Transmissions from the front lines
This great evil – where’s it come from?
How’d it steal into the world?
What seed, what root did it grow from?
Who’s doing this?
Who’s killing us, robbing us of life and light?
Mocking us with the sight of what we might of known?
Does our ruin benefit the earth, aid the grass to grow and the sun to shine?
Is this darkness in you, too?
Have you passed through this night?
I think it is in us all but we have the light too… and so do you
remember the light – http://bit.ly/oAeLzk
remember your light jimgroom and come back to ds106
As far as I can tell, I am the only person on the Internet who has ever noticed that this is almost a direct quote (the first couple sentences, anyway) from book seven of St.
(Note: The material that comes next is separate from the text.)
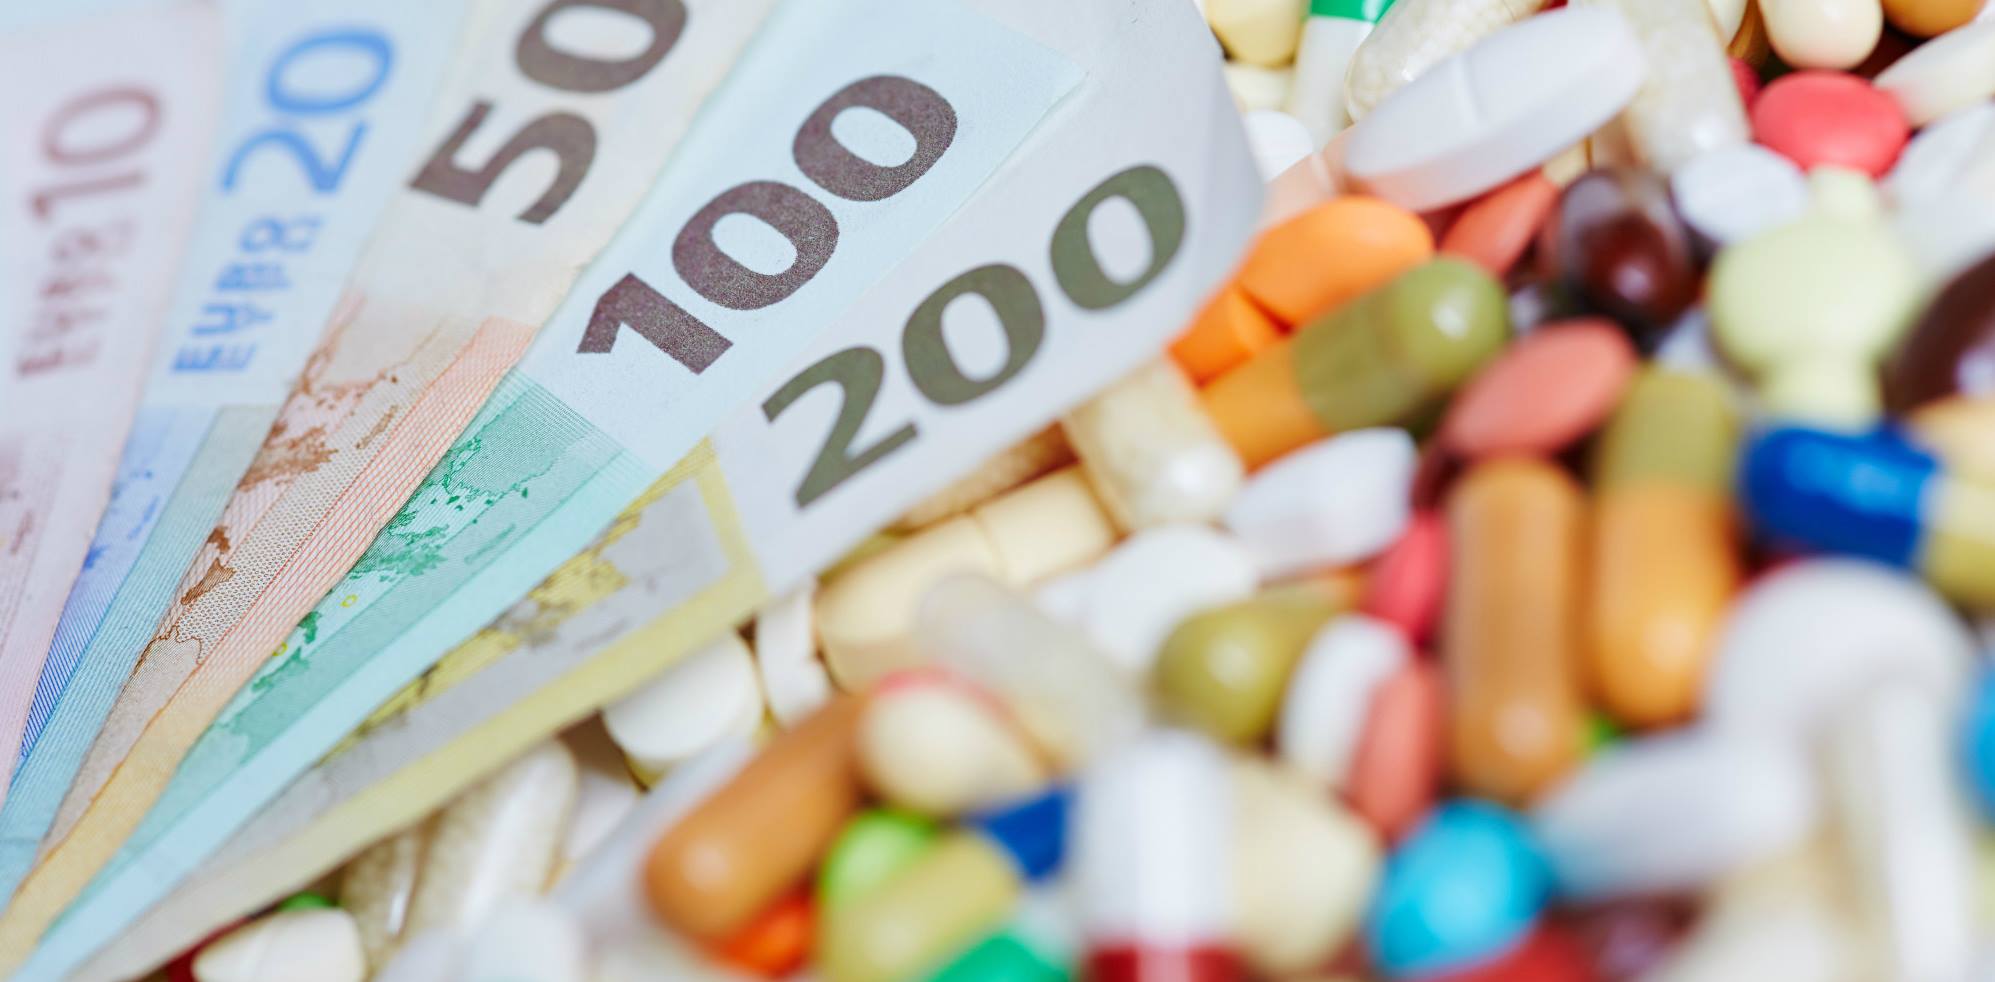 medikamety новости лекарства, рост цен, Турция, Фармацевтический рынок

Augustine’s Confessions.
Voilà: http://goo.gl/f70XS
Nathan,
Awesome find, that is the first I have heard about this connection. And it makes me wonder how many of those philosophical monologues are modernizations of other philosophers about the horrors of war and the nuanced face of evil. You rock! Thin Red Line and Terrence Mallik FTQW.
Ha! Thanks. Just a little of the old, y’know, analog humanities at work. I wish I could say that I was so familiar with Augustine that when I saw Thin Red Line I recognized the quotation, but it went the other way around — when I reread Augustine for a course I was teaching, I got to that part and thought, “Hey, this sounds familiar…”
This quotation alone, though, would be enough to make me love Malick, even if I didn’t think his movies were some of the most brilliant things I’ve ever watched.
I love that movie and I love what you ate doing with that class even though I don’t get all of it. Is Dr. Oblivion coming back?